I will share salient points of the conversation.

"hello, ni cik nadia (bukan nama sebenar)ke?"

"saya"

--shim takes a deep long breath to read a 3 page script so fast I don't have any chance to interrupt in between--

"saya nadia juga, kelas kita nyah nama sama, cantik nama you, yelah mesti cantik ikut orang dia jugak kan, macam kita jugak *giggle manja-manja*, nadia call ni nak bagi tahu cik nadia tentang pelan insurans terbaru dari ING yang ---long script insurance jargon, rubbish, 36 critical illness, will pay in addition to any active life insurance coverage that one has bla bla.. basically yang terbaekk ----"

"tapi i dah ada insurance coverage dah and i also have the 36 critical illness, hopitalisation and all that crap"

"isshhh cik nadia ni tak dengar ke apa nadia cakap tadi? kan nadia dah kata dah yang ni will pay in addition to the one that you currently have, you tak rugi kalau you beli ni sebab ni ada cash advance and no other insurance coverage will pay in advance"

"berapa banyak insurance lah i nak kena beli ni"

"cik nadia, cik nadia tak sayang ke kat diri sendiri, ni ada cash advance taww, hospital bills kan mahal sekarang ni, take it as ni extra cash, cik nadia boleh claim from your other policy and at the same time, extra cash ni boleh lah pergi guna untuk shopping ke, travelling ke untuk cari mat susly kat overseas, kalau nadia, nadia kosser dengan jejanz melayu taww, cik nadia suka tak mat susly?"

"skerr"

"haa, lagilah cik nadia kena beli insurance ni, mana nak carikkk extra cash yang oii. nadia sker lah borak ngan cik nadia ni, office you kat ne?"

"kat (x marks the spot)"

"eh yekerr, kira kita ni jiran lah kan? ee boleh jumpa for lunch nanti, yelah kalau cik nadia sudi"

"eh, mak ok jer tapi kan, boleh tak i nak tengok insurance policy tu dulu kat website you so i boleh buat decision nak beli ke tak (excuses, no intention at all. takut say no sebenarnya)"

"laaa, penat nadia explain panjang2 tadi, cik nadia tak faham kerr?"

"faham tapi benda cam ni nak lah kena pikir masak2 dulu"

"ok la ok la, cik nadia pikir dulu and esok same time nadia call balik ok??"

The next day shim called and I signed up because I didn't know how to say no. My plan is when I receive the policy, I have a 14 days grace period to cancel. I just got the policy yesterday so it's time to do the necessary. Much easier to sort things out this way. Sans drama.

I hope you have more balls to say no to a fonen tele-marketeer than I ever will. I just can't do it. Fail gila.


Saturday, September 03, 2011

You give me that loving feeling

Had a nice relaxing facial the weekend before raya.

Setting of the mood was perfect, the breathing automatically slows down while you lie on the bed lined with electric blanket, scent of something calming in the air, dark and quiet ambience, soothing music in the background.
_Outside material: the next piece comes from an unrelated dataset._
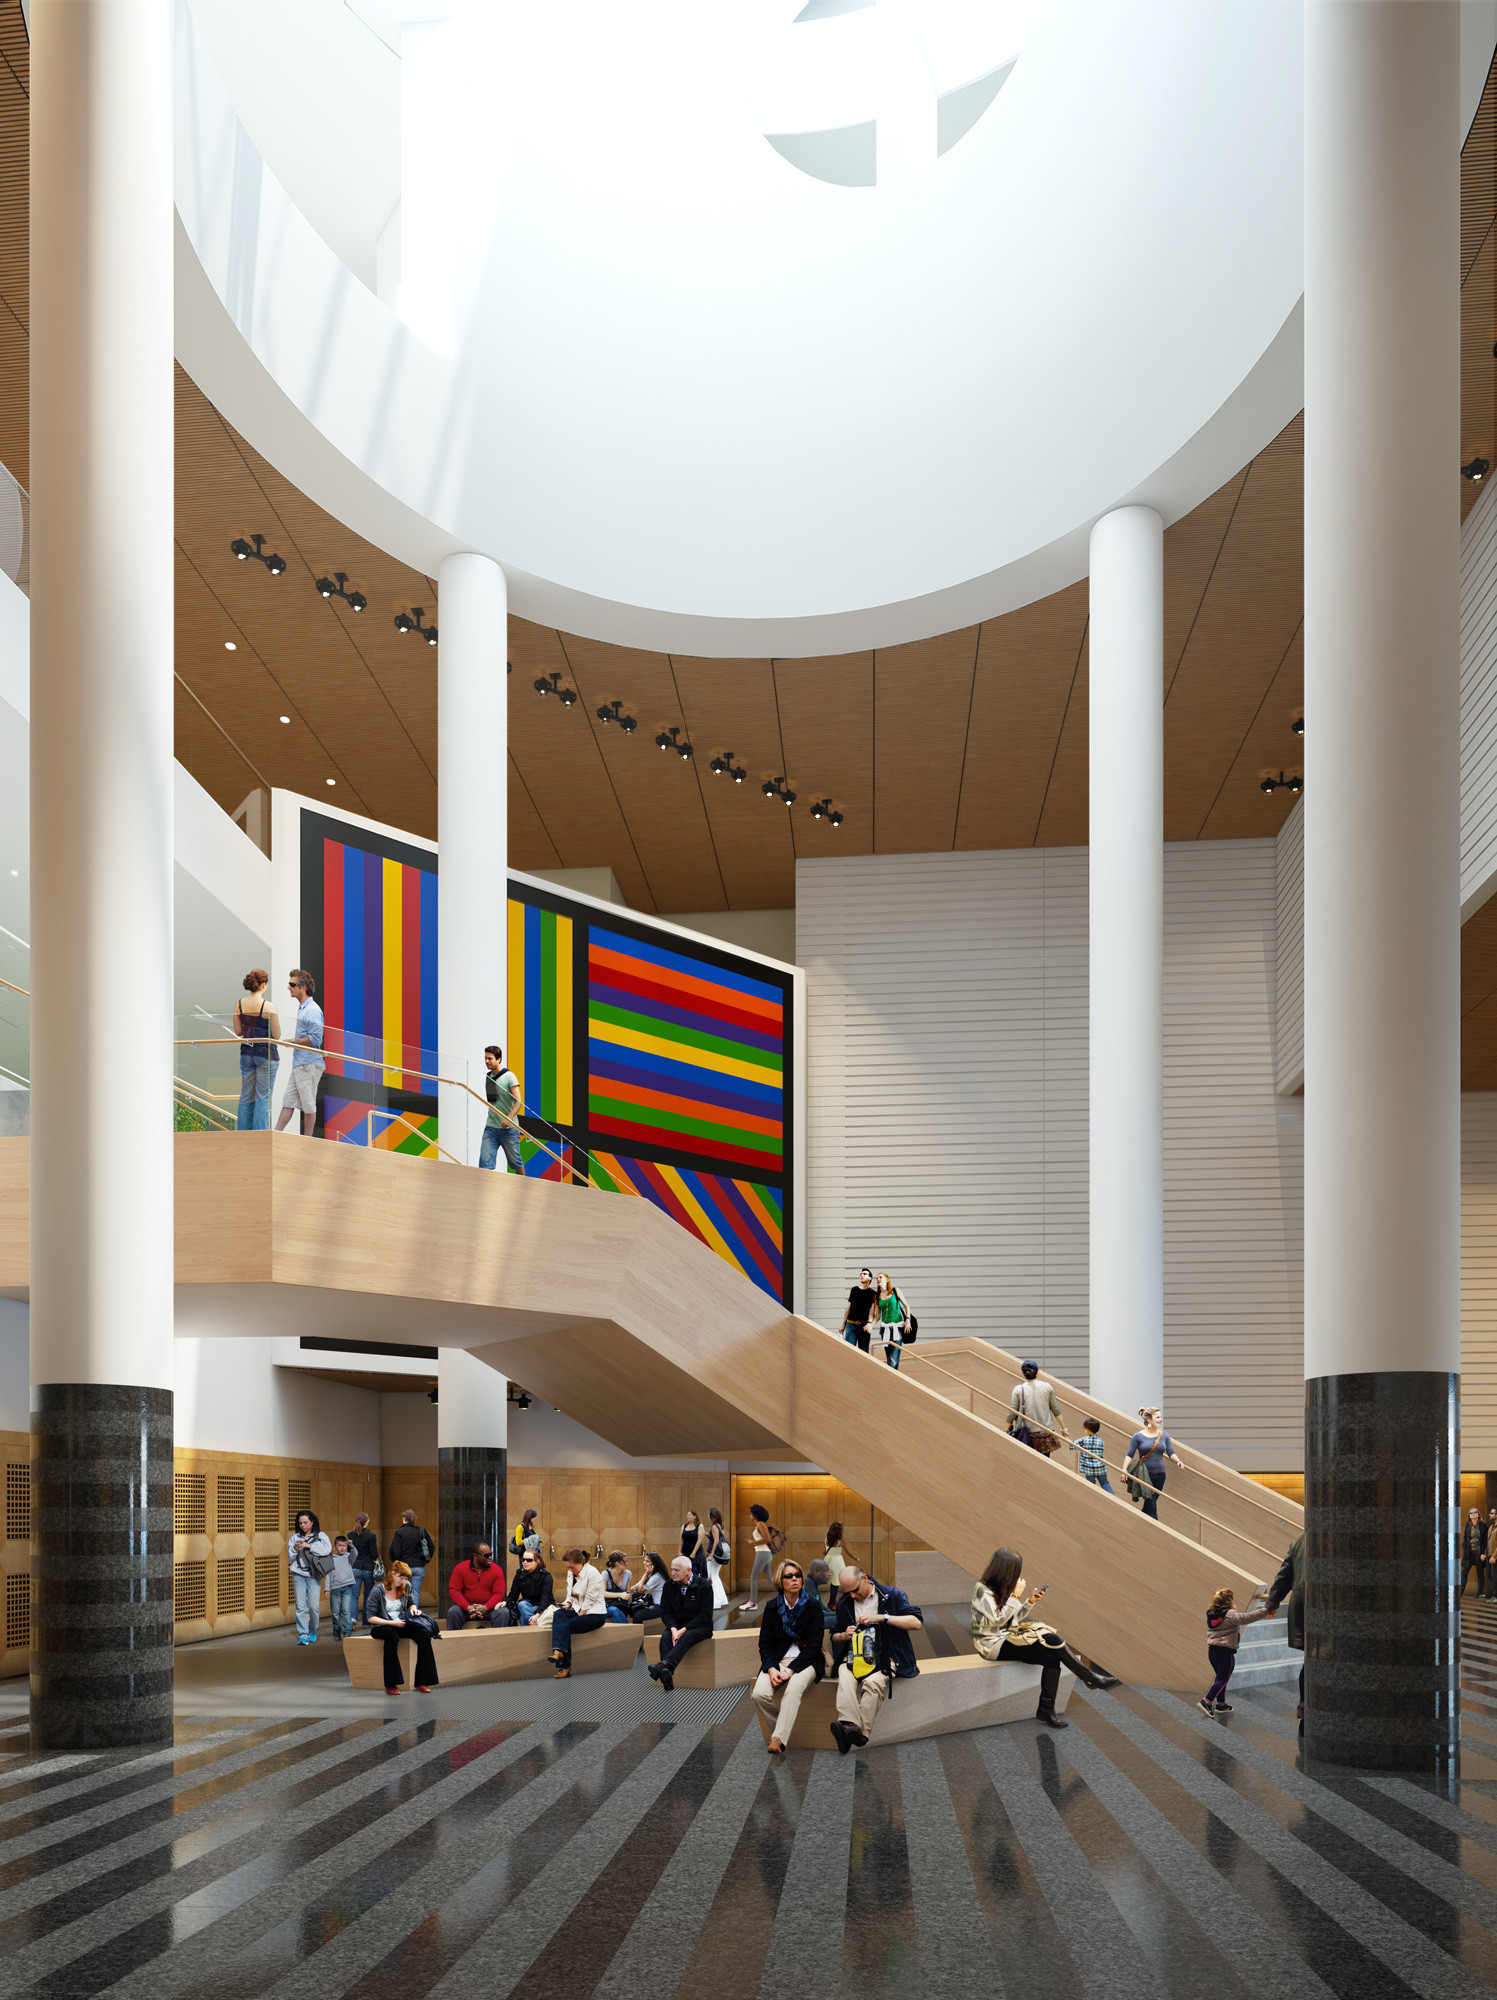 3D rendering by steelblue for SFMOMA

Chloe my dermatologist, before she starts applying anything, she will introduce it to me..'I'm applying the cleanser', 'Now, toner', 'This is soothing eye gel'.

While I appreciate it, it kind of gets in the way of my sleep. I'm about to crossover, I come back, crossover, come back. See flickering light, FBI interrogation spot light turned on max.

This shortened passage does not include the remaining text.